Even though we still have a blank canvas, but notice how the x and y axes are now labelled with the variables/columns in the `data.frame`. So what are we missing for a scatter plot? 
Actually putting the points on the canvas!

In `ggplot2`, a plot is always a combination of layers. We have now a layer of blank canvas with axes, we will want to draw on this canvas using `geom_point()` which places the actual points on the canvas based on the mappings we have already specified. In `ggplot2`, geometries are functions that actually draws on the canvas based on the aesthetic mappings given. These are referred to as "geometries". 

```{r}
long_sample_ge_data %>% 
  ggplot(aes(x = strain, 
             y = gene_expression)) + 
  geom_point()
```


This is your first ggplot! Let's give it a title!

```{r}
long_sample_ge_data %>% 
  ggplot(aes(x = strain, 
             y = gene_expression)) + 
  geom_point() +
  labs(title = "My first ggplot!")
```


We see that the scale of data points can be very different. This is due to some genes always tend to have a higher expression than others (due to biology). So it will be a good idea to make a plot for each gene instead. This means that we need to make this plot for each value in the `gene_symbol` column in our data. This can be done using the `facet_wrap` function, which will produce a plot that we have already made, but split by all unique values in the given variable, in this case `gene_symbol`. 

```{r}
long_sample_ge_data %>% 
  ggplot(aes(x = strain, 
             y = gene_expression)) + 
  geom_point() +
  facet_wrap(~gene_symbol) +
  labs(title = "My first ggplot!")
```


This plot shows that "Aldh3a1" is the main culprit for having a very different scale compared all other five genes. 
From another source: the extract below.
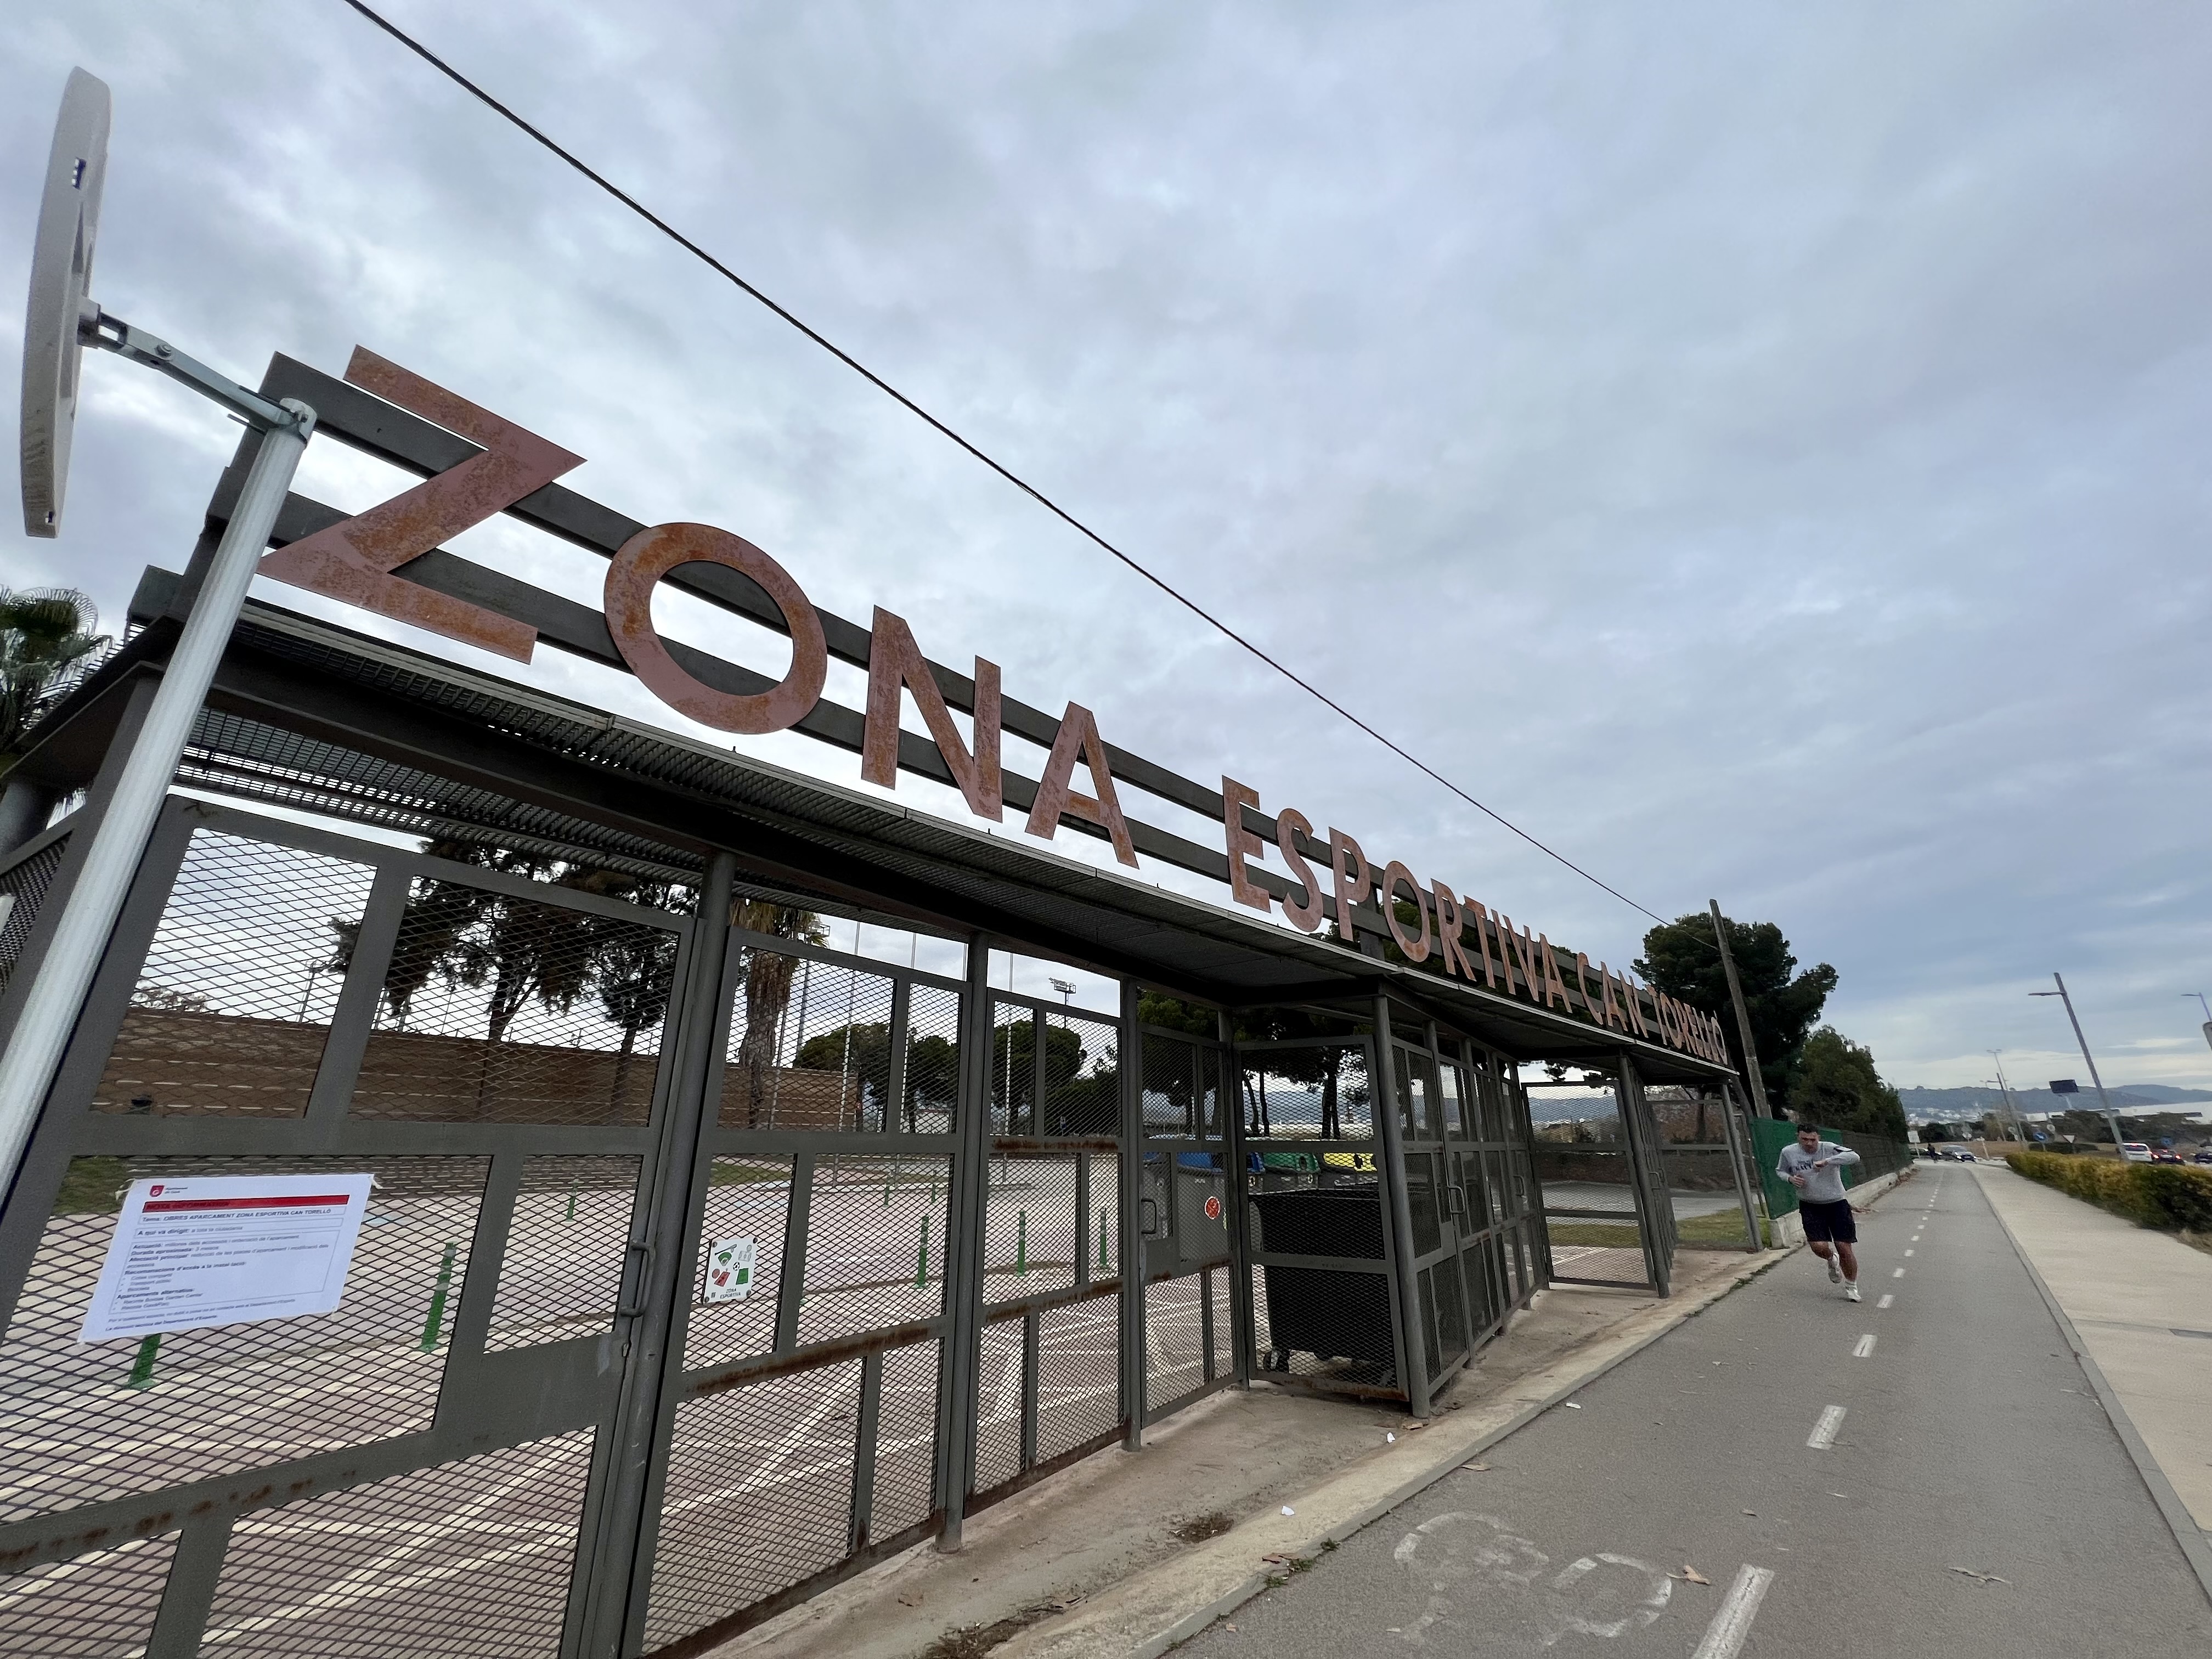 Arranca una nueva fase de remodelación de la Zona Deportiva de Can Torelló

One way to deal with this scaling is to use the logarithm scale. `ggplot2` has a very convenient way to doing this. The `scale_y_log10` function will scale the y-axis to log10 scale and this is a very convenient function because it retains the labelling of the original data but the points are on a log10-scale.

```{r}
long_sample_ge_data %>% 
  ggplot(aes(x = strain, 
             y = gene_expression)) + 
  geom_point() +
  facet_wrap(~gene_symbol) +
  scale_y_log10() +
  labs(title = "My first ggplot!")
```


We now have the scatter plots on a good scale, and we can already see some interesting features from these plots. For example, the "Aldh3a1" gene seems to show off some differences between the two strains, and the "Bbs2" gene seems to have a different variance between the two strains. 

So, how can we improve on this plot further?

We can layer plots of other features onto this! For example, boxplots.

```{r}
long_sample_ge_data %>% 
  ggplot(aes(x = strain, 
             y = gene_expression)) + 
  geom_point() +
  geom_boxplot() +
  facet_wrap(~gene_symbol) +
  scale_y_log10() +
  labs(title = "My first ggplot!")
```

Now it is a good time to stop and think about what we did. 

We started off with a `data.frame` and a blank canvas with the aim to make a scatter plot. We added aesthetic mappings onto our ggplot and evaluated the quality of our plot as we go along. Every time we identify deficiencies in our plot, we simply add more layers to the plot. This detective-work is what makes `ggplot2` is so popular, because it is very flexible in handling new ideas and plotting aesthetics. But at the same time, every aesthetic of this plot can be traced back to a particular column in the `data.frame`. 

There are so many functions and tricks that we can't really go through in details. Here is a very helpful [cheatsheet](https://rstudio.com/wp-content/uploads/2016/11/ggplot2-cheatsheet-2.1.pdf). And in general, the best way is to Google the plot that you want and copy the code that someone else already made. 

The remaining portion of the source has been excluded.